#### Given data
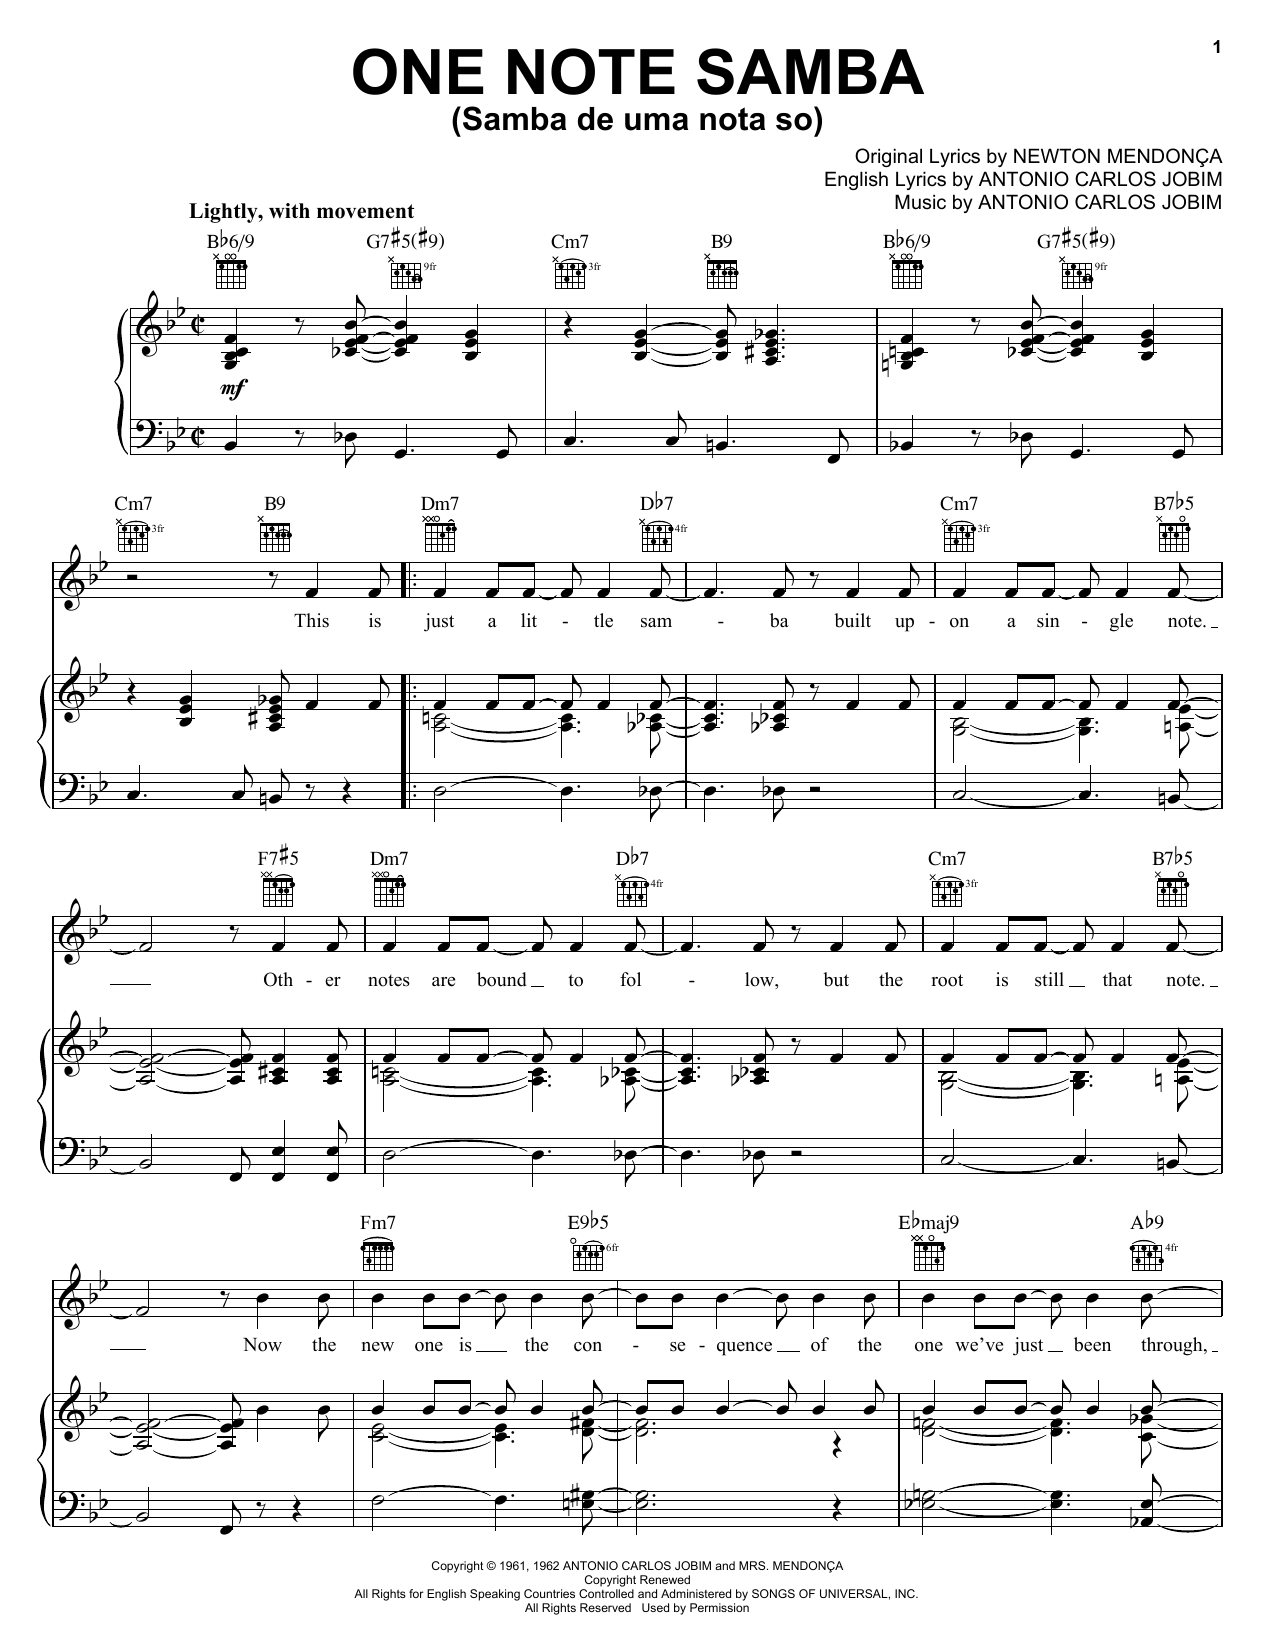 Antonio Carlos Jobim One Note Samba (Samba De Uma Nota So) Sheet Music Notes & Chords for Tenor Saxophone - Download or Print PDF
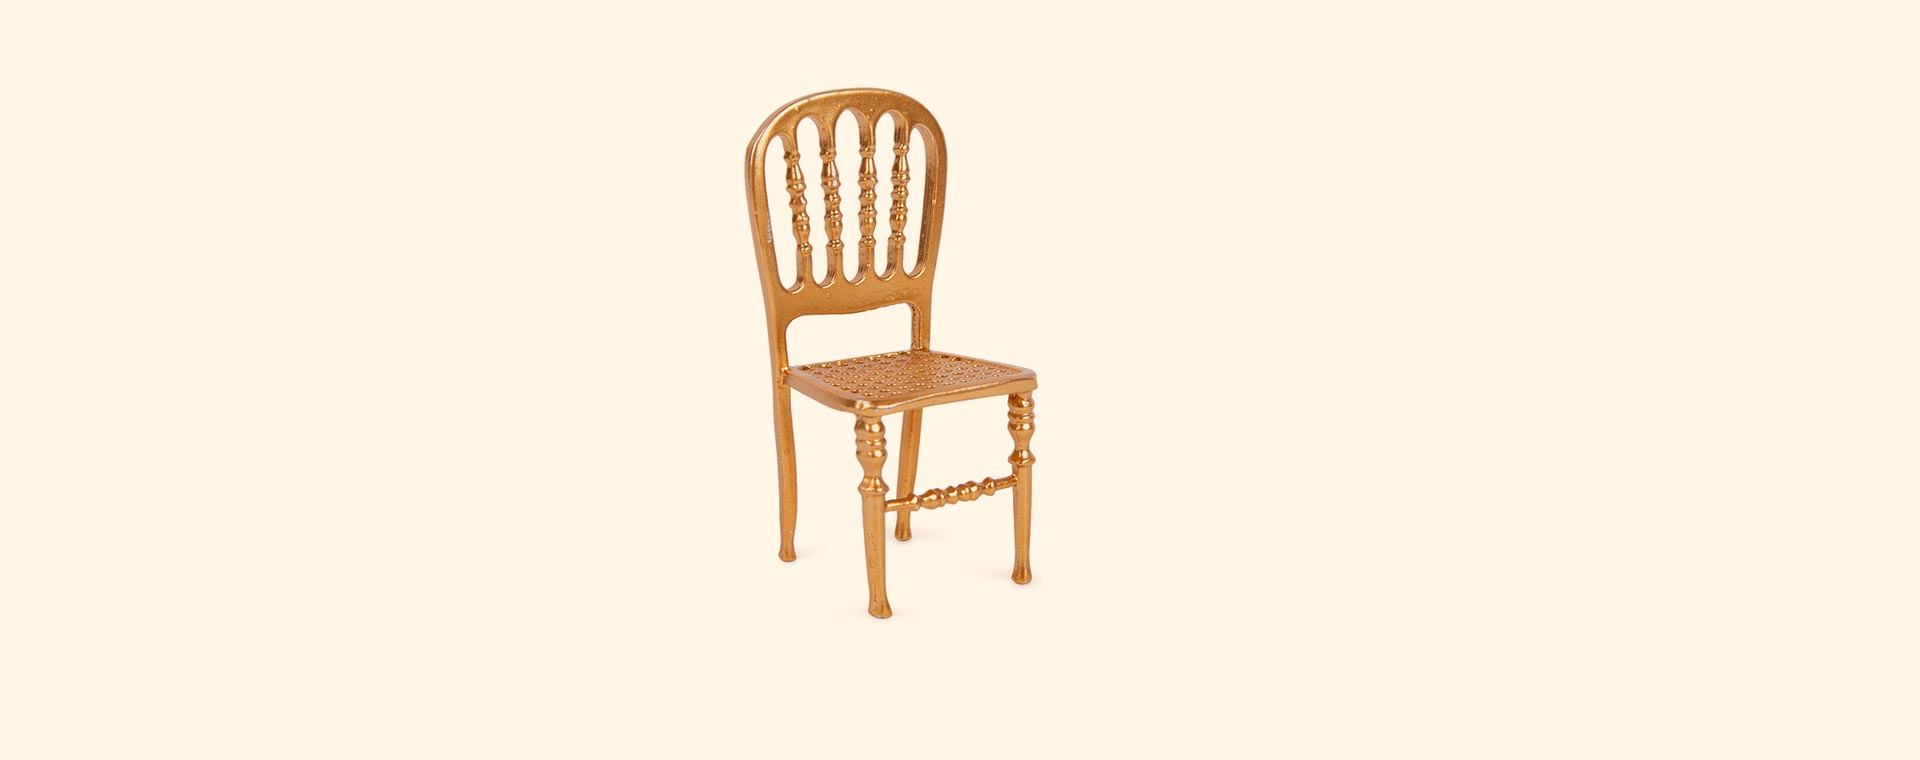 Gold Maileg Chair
########
#### Given data
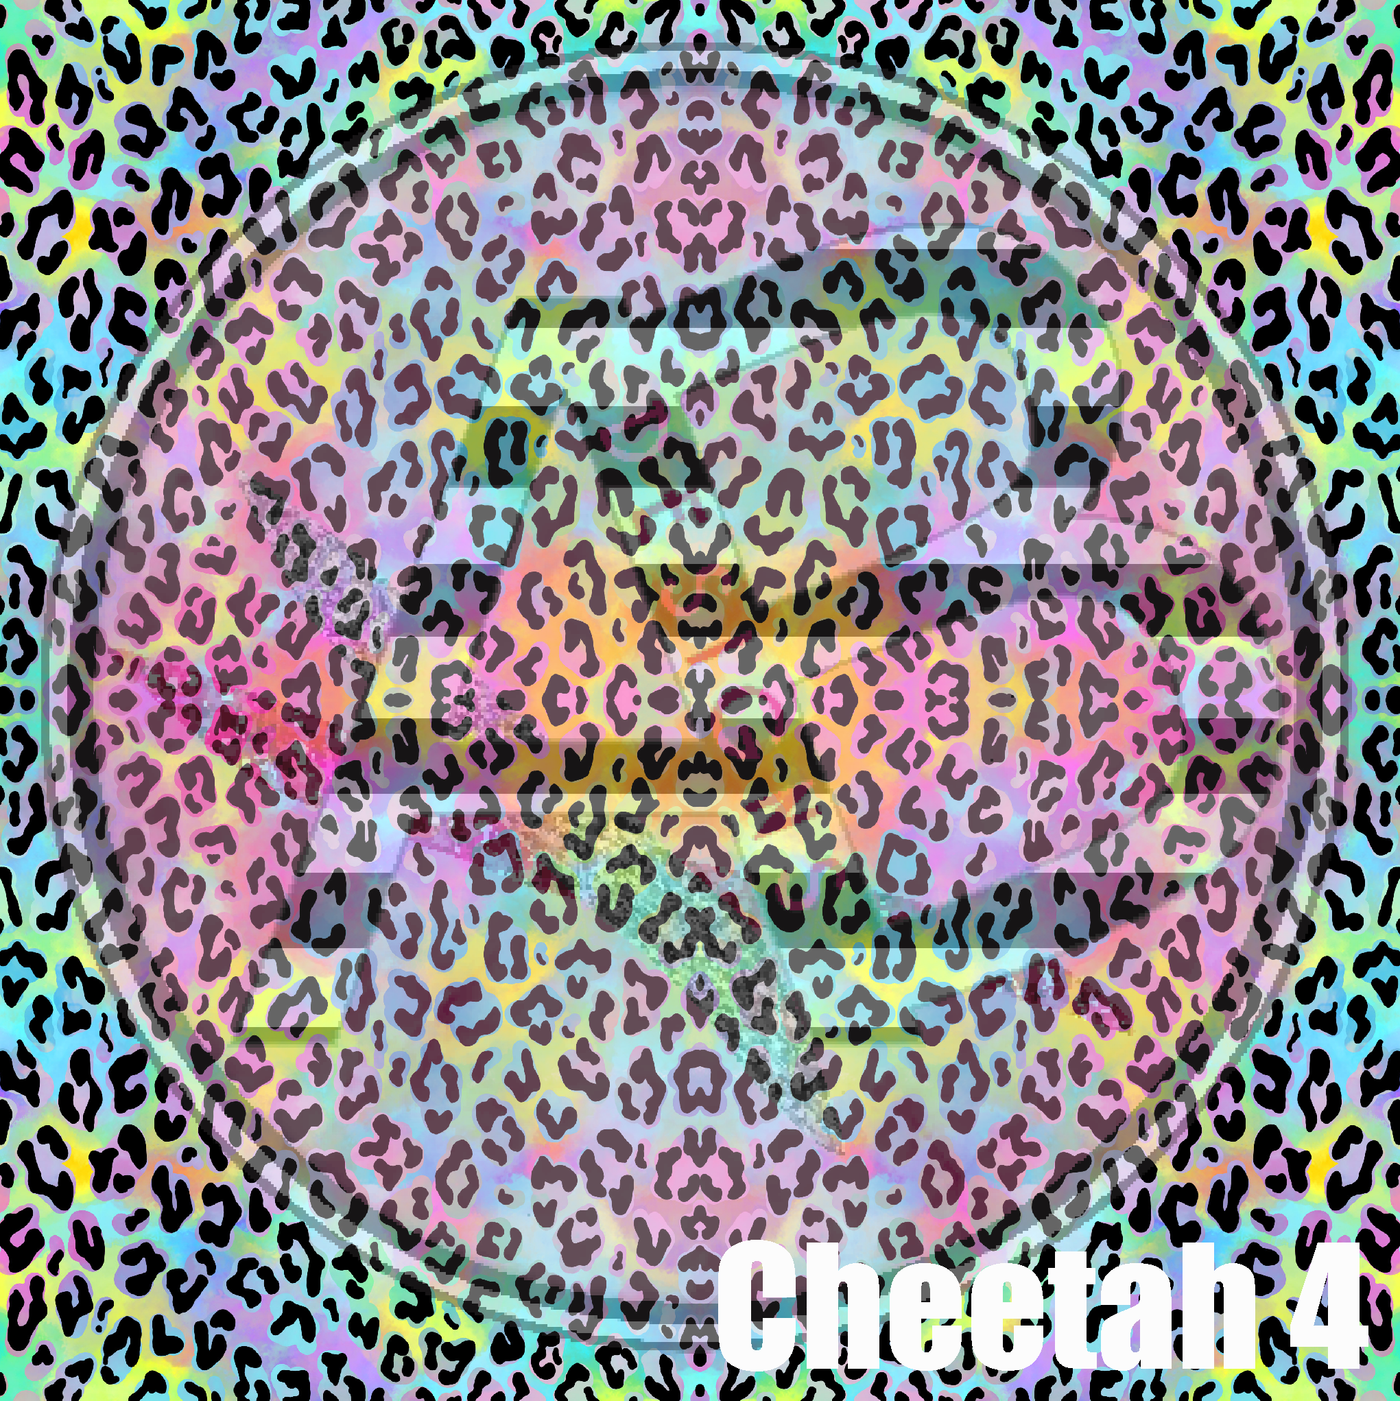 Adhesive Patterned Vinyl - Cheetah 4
########
#### Given data
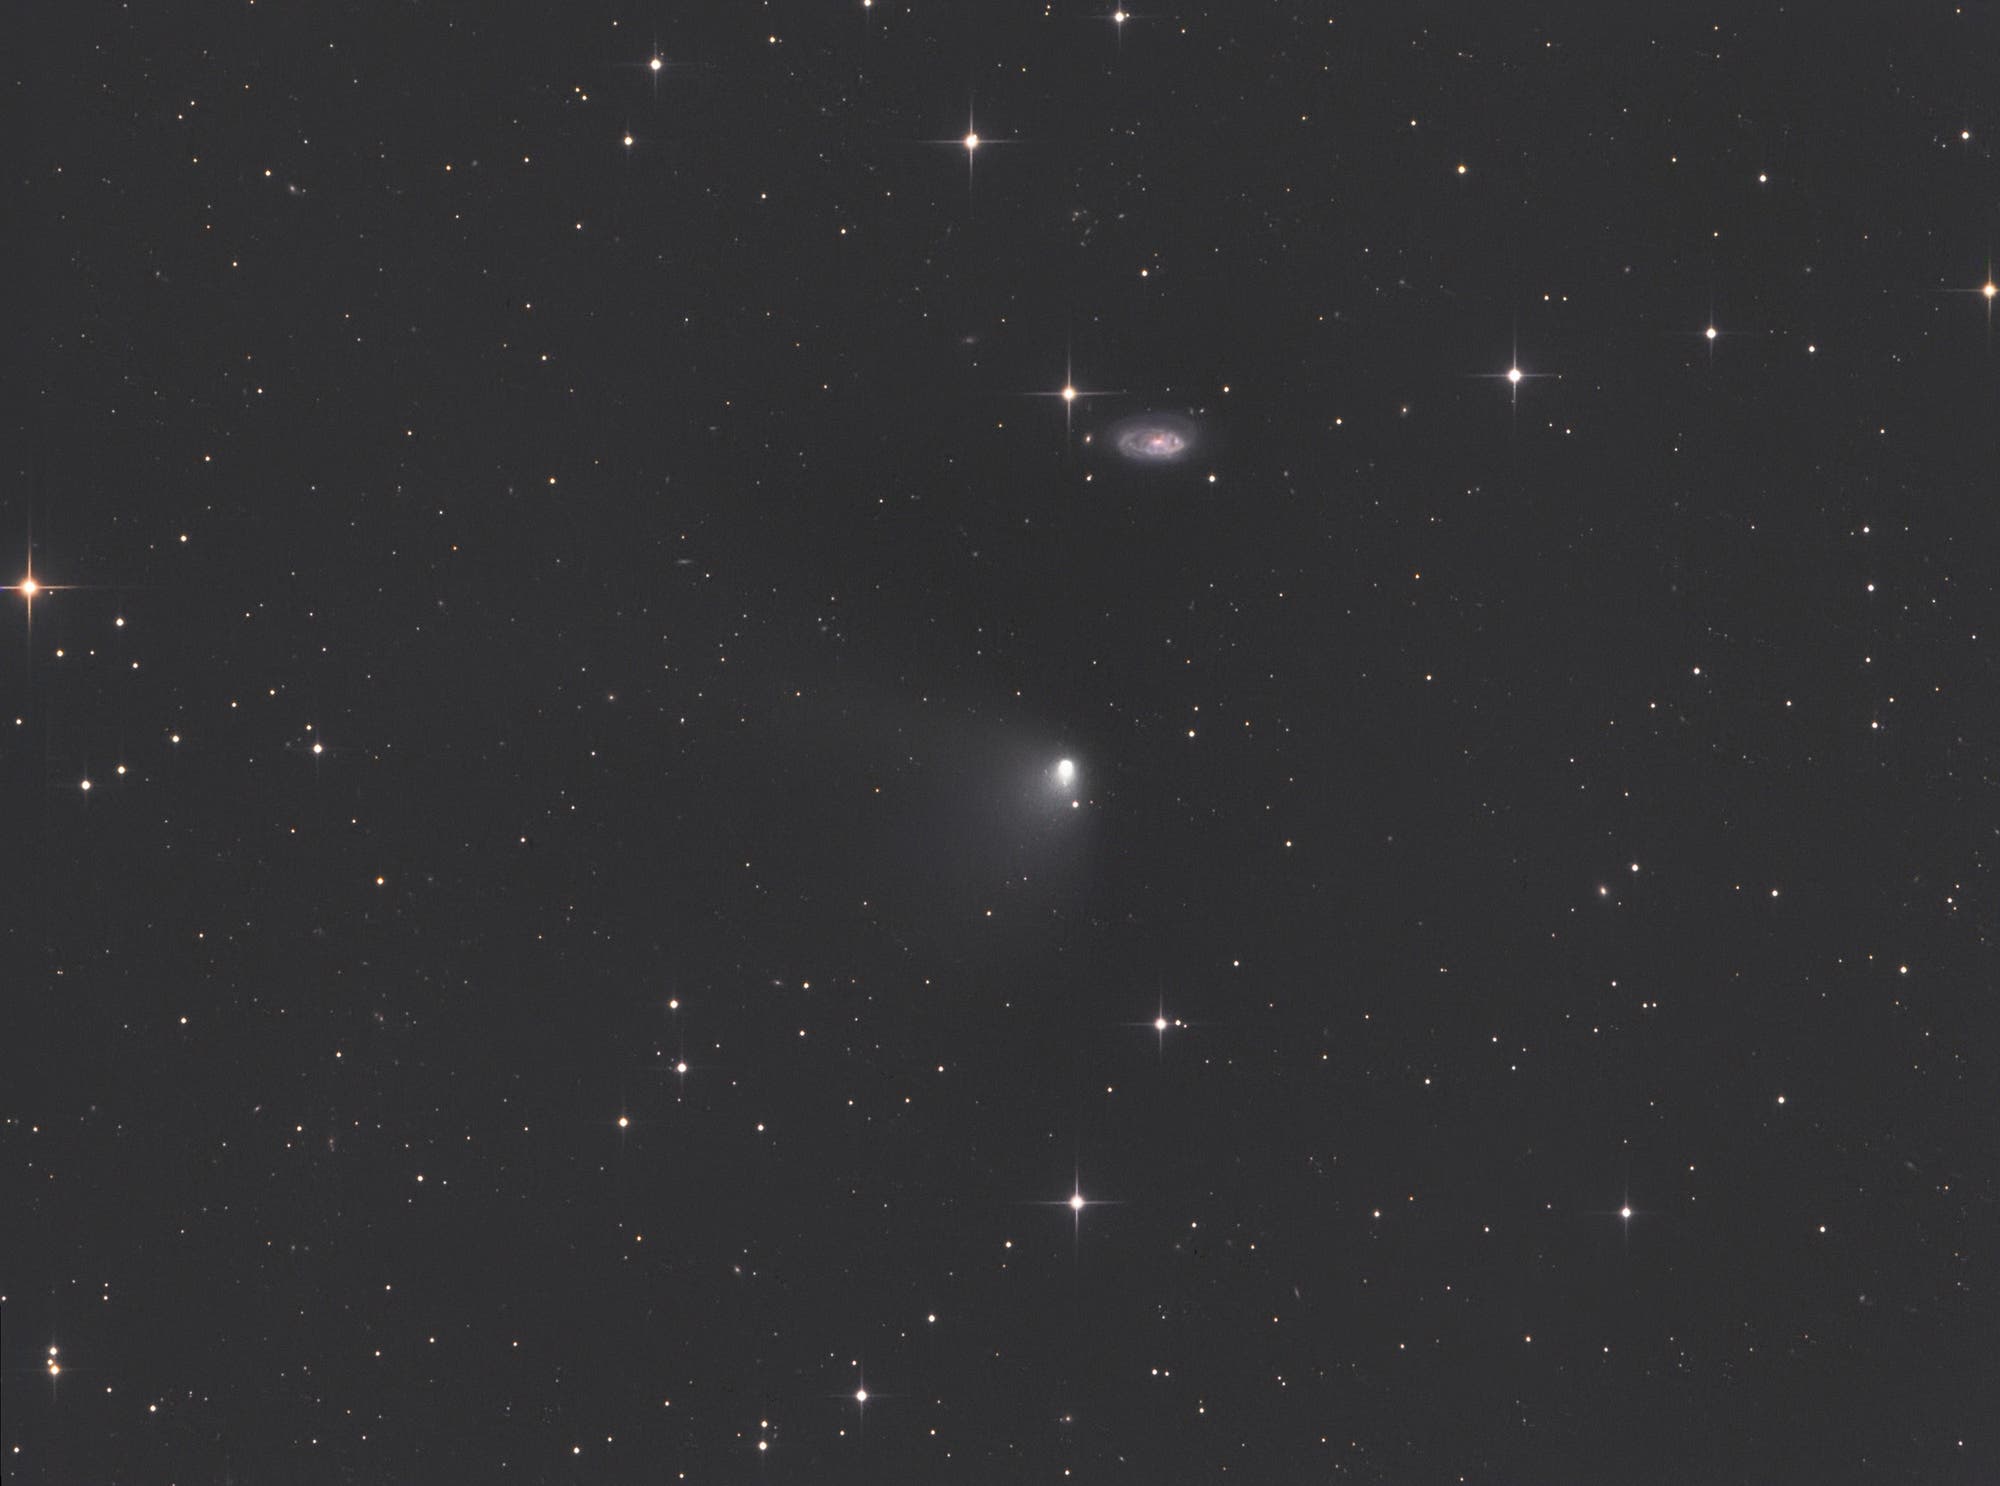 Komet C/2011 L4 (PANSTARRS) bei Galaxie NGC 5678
########
_What the task asks:_ Within the entries above, give again exactly the lines starting at the one that contains "Antonio Carlos Jobim" and ending at the one that contains "Gold Maileg Chair", leaving out the pictures.

_Written response:_
 Antonio Carlos Jobim One Note Samba (Samba De Uma Nota So) Sheet Music Notes & Chords for Tenor Saxophone - Download or Print PDF
 Gold Maileg Chair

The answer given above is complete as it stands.